Apart from the disparagement with which many Americans greeted the Bush fils ‘alliance of the willing,’ Americans get scant notice of the country’s many political allies engaged in its foreign policy in action. Several notable foreign films show what American foreign policy looks like through the eyes of its allies.
Armadillo (2010), a documentary about a contingent of the Danish Guard Hussar Regiment in Afghanistan, came out the same year as Sebastian Junger’s and Tim Hetherington’s Restrepo. A memorable edit comes when a grenade flung on a video game cuts seamlessly to an explosion in the lethal night outside an armored personnel carrier screened inside via infrared camera.
Brødre [Brothers] (2004), Susanne Bier’s searing feature about the readjustment problems of a Norwegian special operations officer presumed dead who returns home from Afghanistan after a period of captivity, five years later became Jim Sheridan’s Brothers (2009), starring Tobey Maguire, Jake Gyllenhaal and Natalie Portman.
We are meant to feel the senselessness of war in the severe and outsized impact these soldiers’ harrowing experiences has on their civilian families.

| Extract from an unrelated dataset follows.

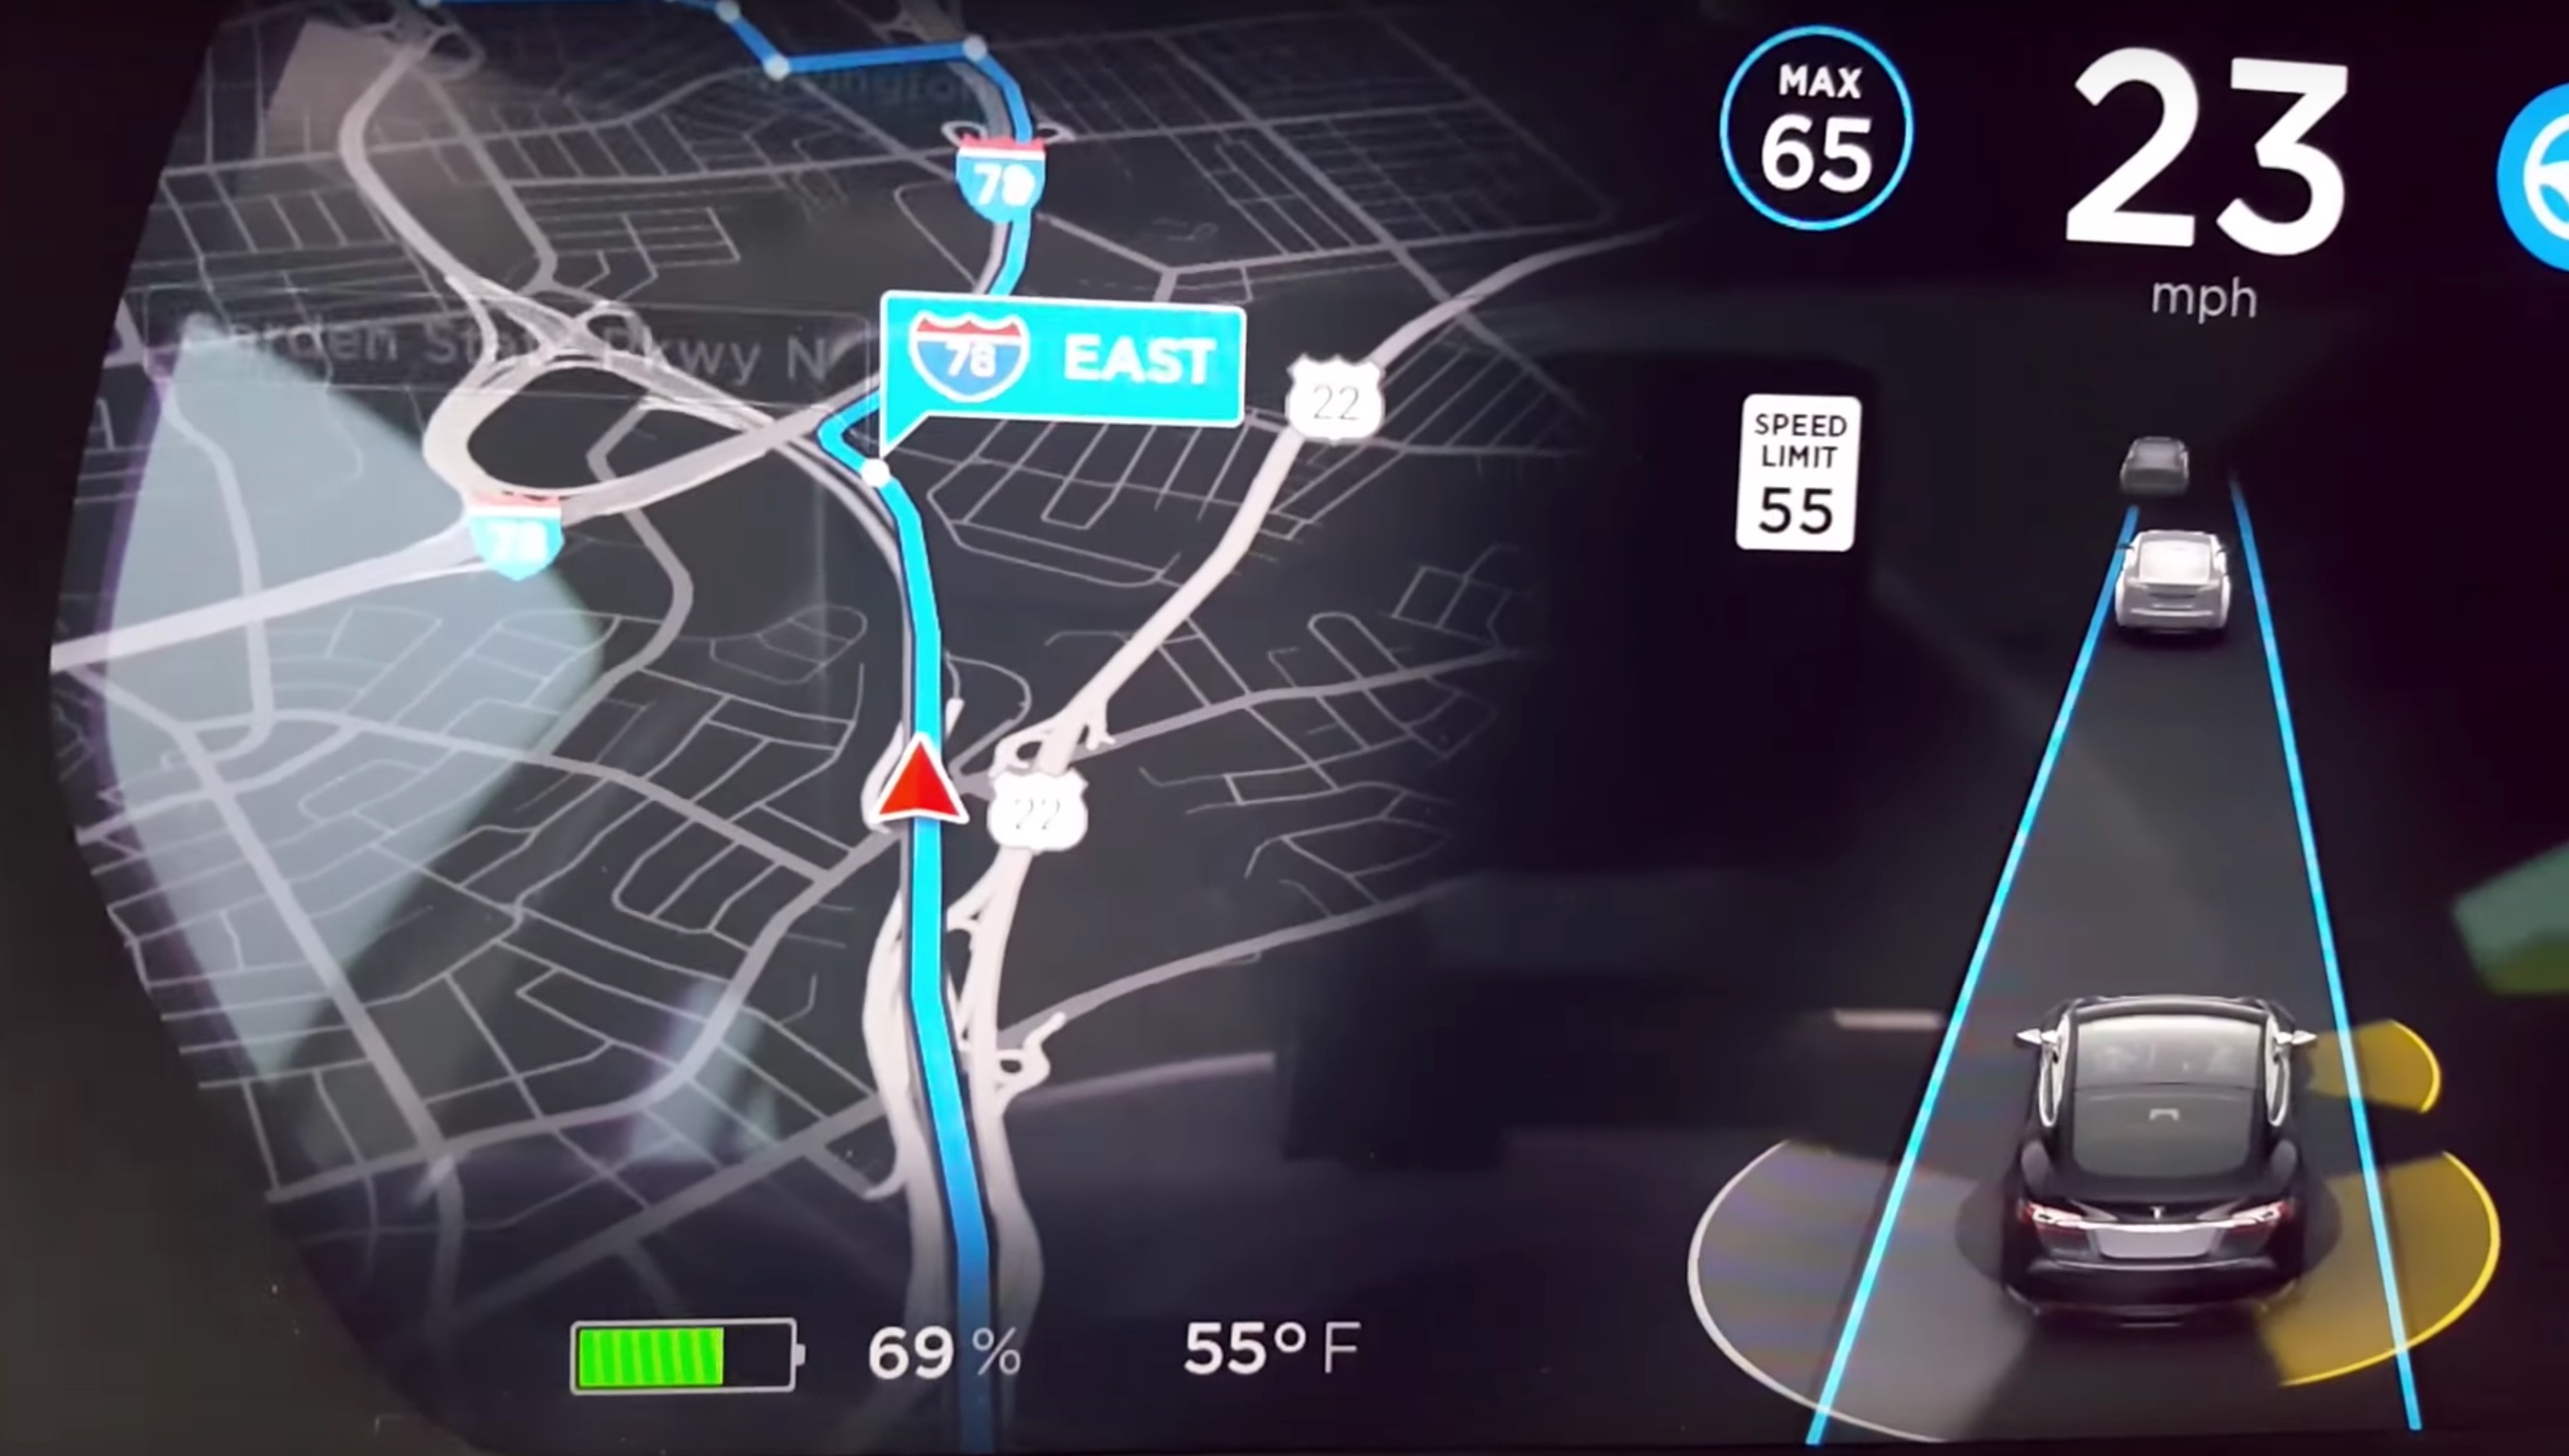 Tesla тестирует навигацию на уровне полосы движения в Китае, сотрудничая с Baidu Maps

This senselessness feels the more poignant when the soldier comes from a small civilized country that seems to have so little at stake so far away from his home. 
In Armadillo, an enlisted Danish medic telling a newcomer about finding a dead comrade and picking up another soldier’s body parts, said:
‘You have to keep an eye on yourself. You’re not wacko just because you laugh at some irrelevant stuff. You need normality, because this is so meaningless that you can’t grasp it.’